The Trump transition team, it is safe to say, did not read the key back issues of Presidential Studies Quarterly. In the first days of the Trump White House, all spokes ran directly to the president; in July 2017, Kelly was brought in as a “beacon of discipline,” someone who could close the door to the Oval Office, most notably to Ivanka Trump and Jared Kushner. Using his military experience and gravitas, Kelly did have some early success in controlling the flow of people and paper to the president. Bob Woodward’s book “Fear” traces attempts by Kelly and staff secretary Rob Porter to provide “organized briefing papers with relevant information, different viewpoints, costs/benefits, pros and cons and consequences of a decision,” with the goal of ensuring that decisions were made systematically and delivered in signed presidential memorandums that had been cleared by everyone with responsibility for the subject area.
But this, as Woodward sums up, “was a fantasy.” The president had little interest in having others manage his time or his words. And Kelly eventually gave up. One leading indicator: All recent White Houses have had daily early-morning senior staff meetings, sometimes a sequence of them. By this year, Kelly’s had dwindled to once a week. Thus Kelly’s departure marks the latest victory for what we might call “competitive adhocracy” in the Trump White House.

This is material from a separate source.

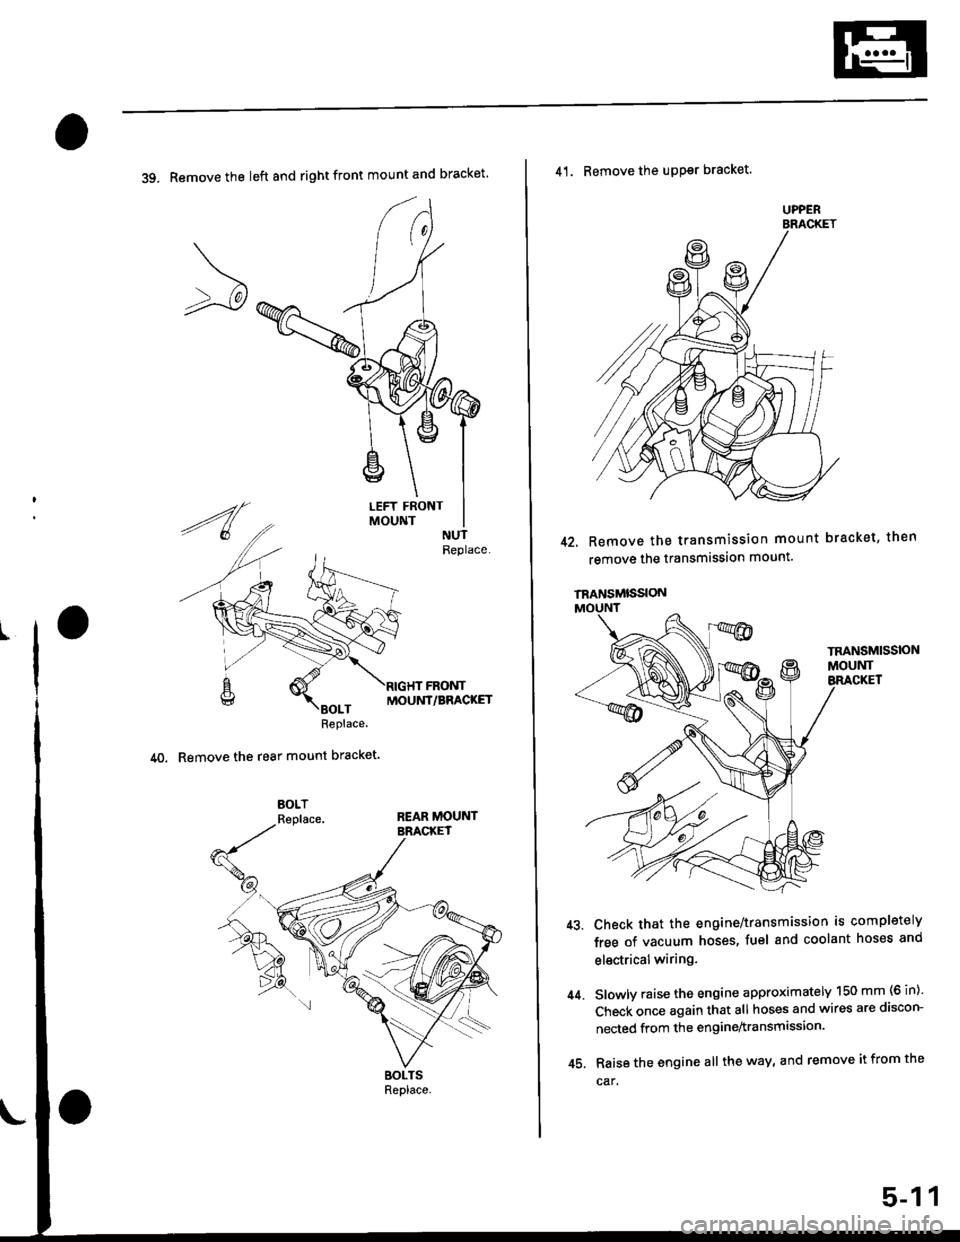 2000 honda civic manual engine

To be sure, Trump is not the first president to stir competition among advisers in the hopes of getting better advice: Franklin D. Roosevelt carried off a competitive model with some extended success, but he had a much smaller White House staff and far greater personal mastery of policy detail.

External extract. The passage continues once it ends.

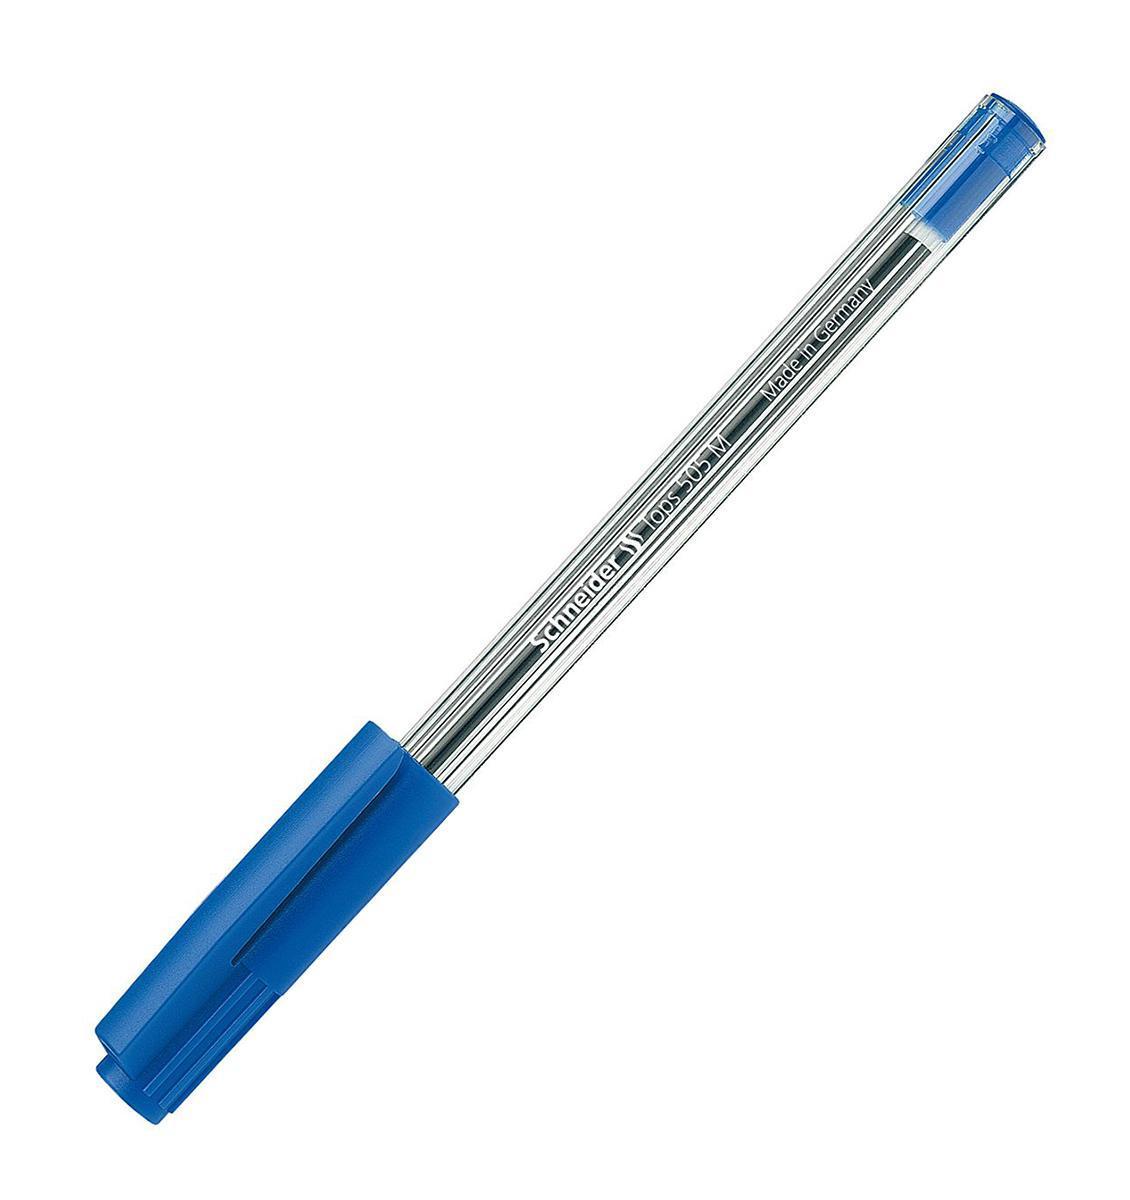 Ручка шариковая TOPS 505, M - 0,5 мм, прозрачный корпус; синий цвет чернил.S506/3 S506-01/3

More recently, recall Barack Obama’s touted “team of rivals” staffing model. In the abstract, the idea of generating information by confrontation is appealing. But in practice, Obama found that such a staff structure had high managerial costs, not least his own time, and soon moved to something closer to the standard model. By 2011, in the national security area, he had what some observers suggested was a not a team of rivals but a “corps of consensus.”
Back in 2012, Trump tweeted of the dangers of high-level staff turnover, taunting Obama that his three chiefs of staff in three years were part of why he “can’t manage to pass his agenda.” But that result was far more closely linked to the fact that Obama faced a divided government after 2010 — as Trump will discover in 2019.
CNN reports that Trump ejected Kelly at least in part for just that reason: With the Democrats coming in and the Mueller investigation heating up, Capitol Hill’s dynamics will change dramatically. A former White House official told Politico that Kelly was “the least political person in Washington holding the most political job in Washington. You need a bona fide Machiavellian killer.”
Maybe so. The lessons of Trump’s first two chiefs of staff suggest that the third one will indeed have to be a Machiavellian master — but first and foremost, of Oval Office politics.